Kafesin dışı zifiri karanlıktı ve karanlık, havanın kıskacının yakaladığı mırıltıları anaforunun içine almış, örtüsünü uçlarından kıvırmıştı ve dört farklı köşeden kavrayarak tepesinde birleştirmişti; orantısız yuvarlağın dışı örtü yüzünden görünmüyordu ama içi aydınlıktı; tıpkı bu kafes gibi... Sessizliğin sesini Arden'in adım sesleri bozuyorken kafesin içine girerek ardından kapıyı kapattı ve yedi kere yankılanan kilit sesinin hemen ardından üzerime doğru gelmeye başladı.

Aramızda birkaç metrelik mesafe kalmışken yavaşladı ve sağ bacağını arkaya atarak sol bacağını sağ bacağına kıyasla kırk santim kadar daha önde durdurdu, dizleri bükülürken gözlerinin hedefi gözlerimdi, görebiliyordum.
''Hazır... Başla!'' Bir gongun sesi titreşimlerini kulaklarıma göndererek yankısını daha sonraya bıraktığında Arden'in kırık dizleri hızla doğruldu.
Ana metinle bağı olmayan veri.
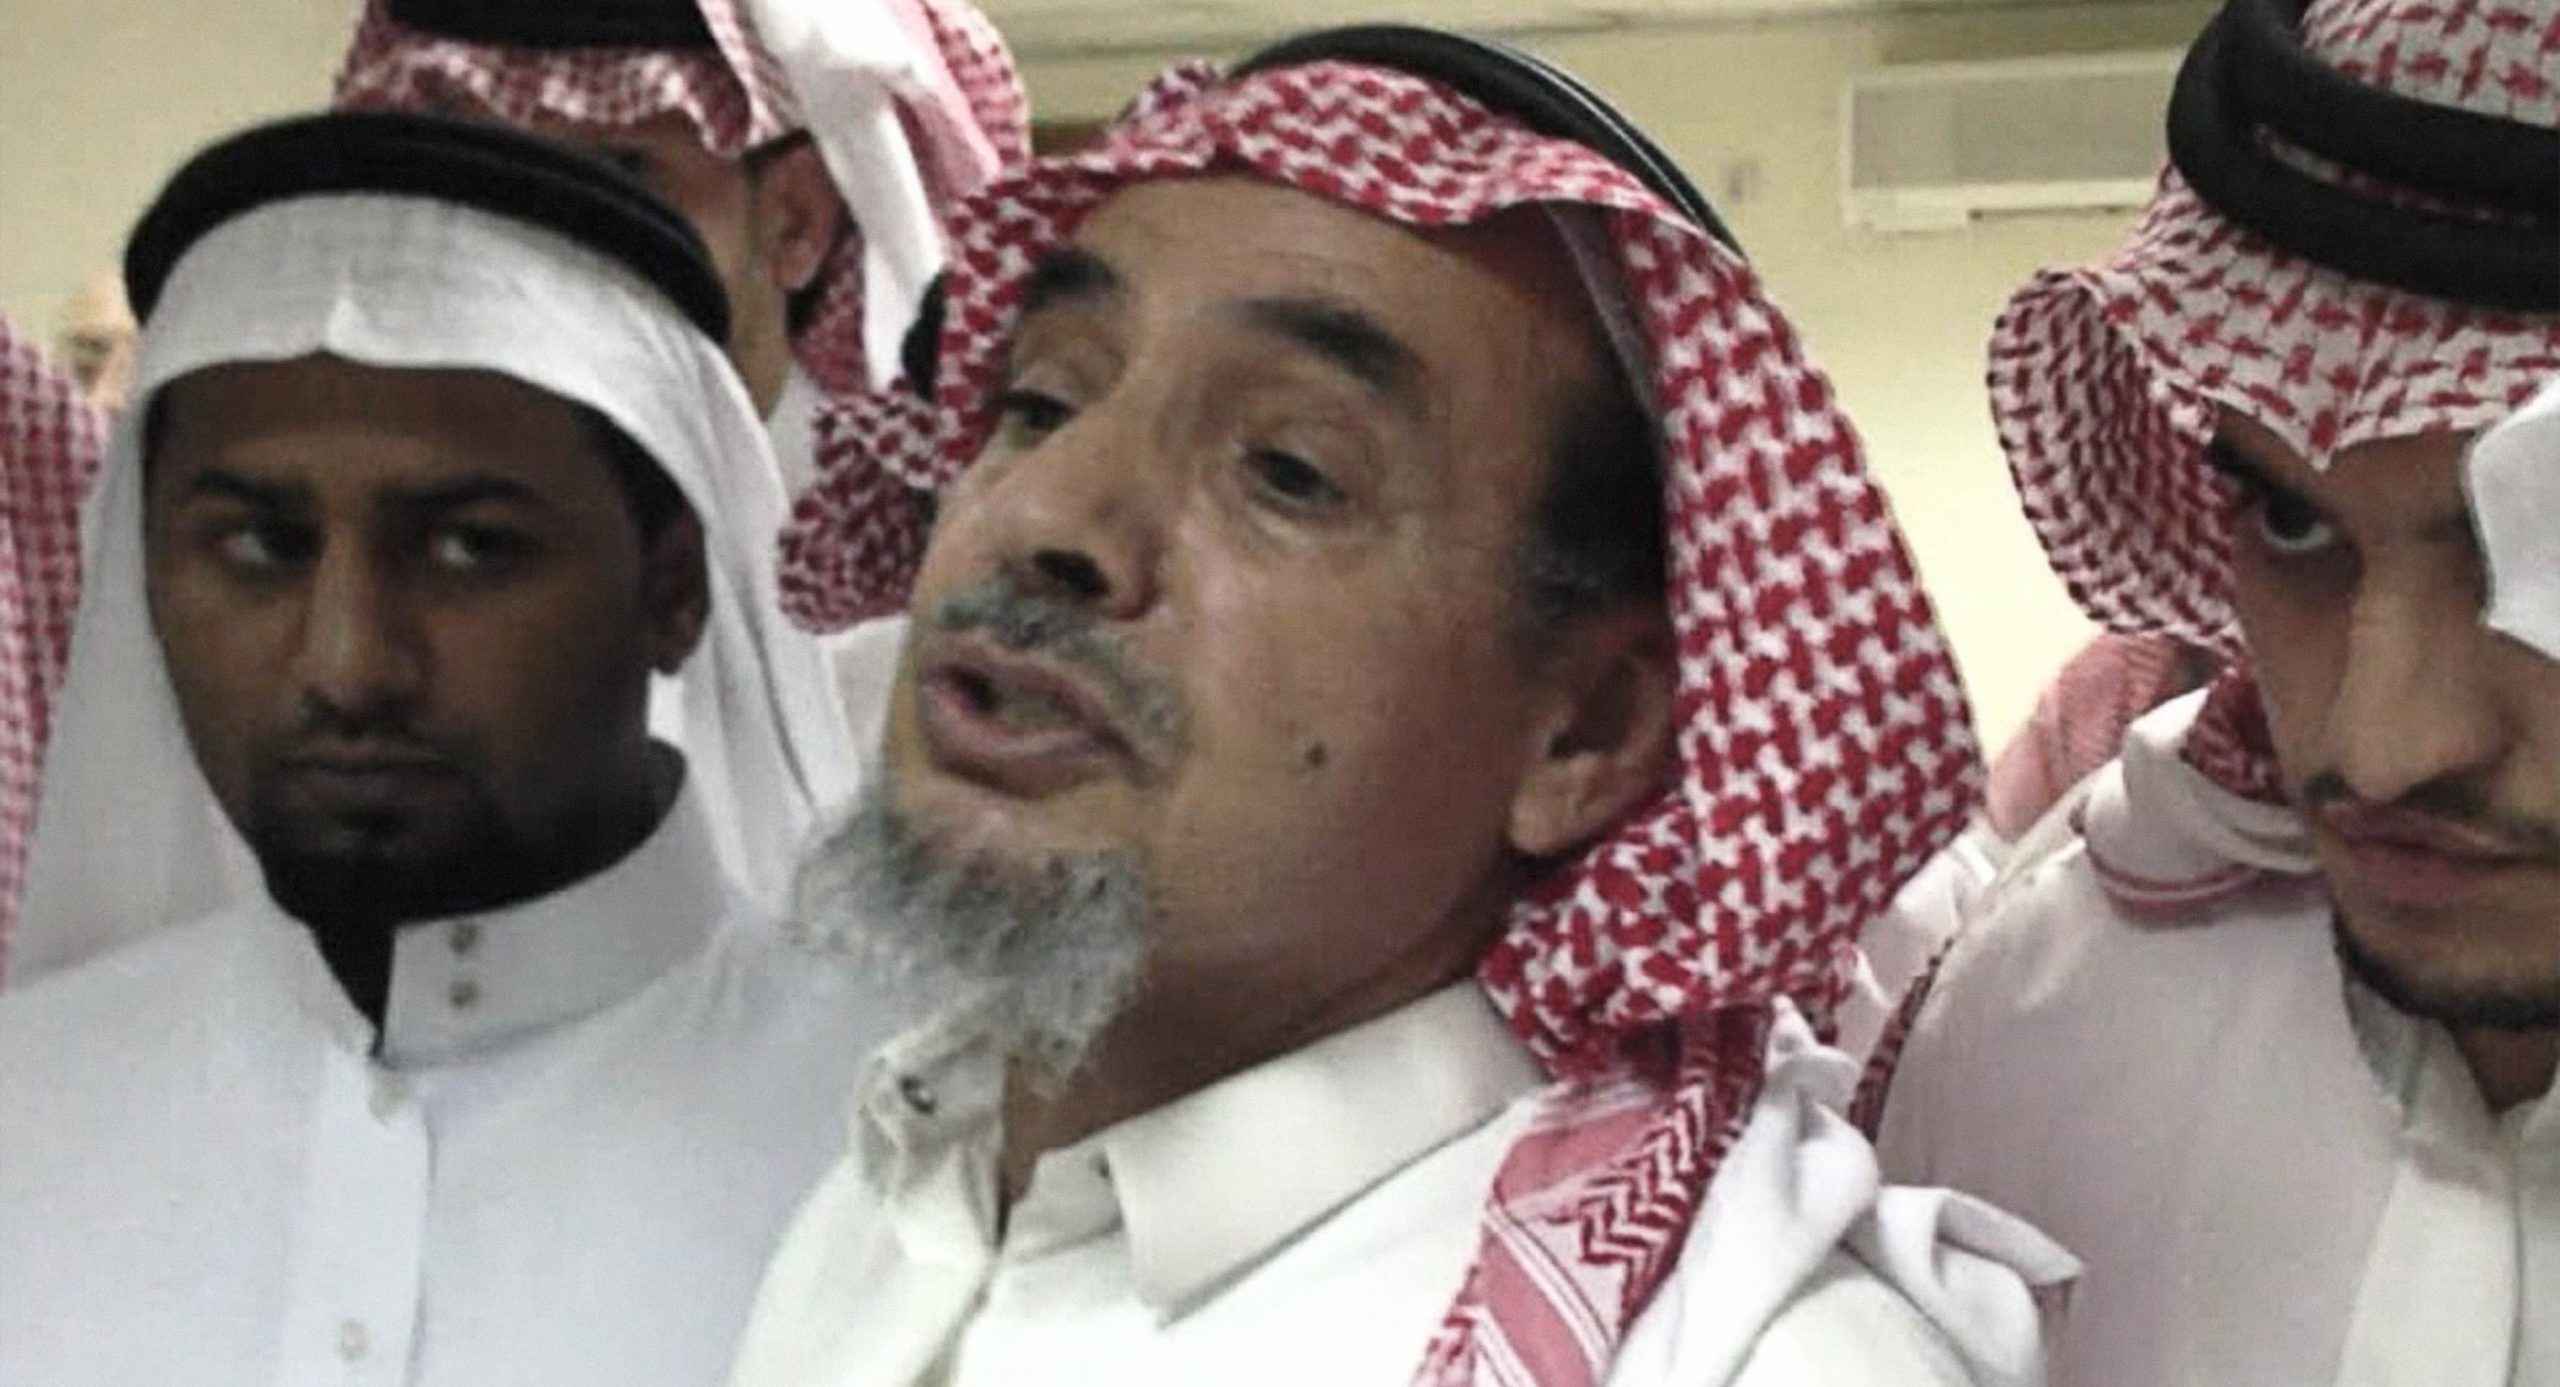 صورة السعودية تترك ناشطاً يموت في السجن دون رعاية طبية كي تخفِّف من عدد الإعدامات

Bacakları sahibini üzerime yöneltmeye kalkıştığında birkaç adım geriledim ve sağ yumruğumu omuz hizama getirerek sol elimi arkada bıraktım. 

Göğsümde hissettiğim sızı beni gerilemeye mecbur bırakırken acı dalgası derimin içinde kırıldı ve kanıma karıştı. İçimden yükselen dem bedenimi çalkalıyorken yüzüme hedeflediği ikinci yumruğunu teğet geçmeye gerek görmeyerek sağ yumruğumu yanağına doğru savurdum. Yumruklarımız aynı anda yüzlerimizde patlarken o birkaç adım geriledi, bense hızımı alamayarak sırtımı kafesin demir parmaklarına çarptım. Sırtımda atmaya başlayan sızının tam göbeğinde olduğumu hissettiğimde yüzümü kafesin demirliğine dönerken sırtımı tuttum, o sırada arkamdaki hareketliliği fark ettim. Dirseğimi Arden'in karın boşluğuna geçirdikten hemen sonra çevremde döndüm ve boyunun birkaç santim üstüne çıkmasını hedeflediğim ama hedefimi tutturamamış olan ayağımı birkaç saniyelik kafa karışıklığının ardından yanağına doğru hızla savurdum.

Yaptığım hamle tökezlememe neden olurken daima gösterdiği etkiyi gösterememişti, çünkü boyum çenesine kadar ancak geliyordu ve bacaklarım her ne kadar uzun olsa da onun için yeterli değillerdi.

Göğsüme vurmaya hazırlandığını anladığımda gelen yumruğu son anda sol elimle tuttum ve sağ elimle göğsüne art arda üç kere vurdum. Nefesi kesilecek gibi olurken aramızdaki mesafeden dolayı kırdığım dizimi karnına geçirdim ve gerilemesini sağladım, ancak gözlerim ışığın gazabına uğramıştı ve Arden'in bedenini loşluğun perdesi altına alarak gizlemişti, bir kol ışığın tozu gösteren burgacının önünden süratle geçerken havaya kalktığını gördüm, hemen sonra çenemin altına sert bir yumruk yedim.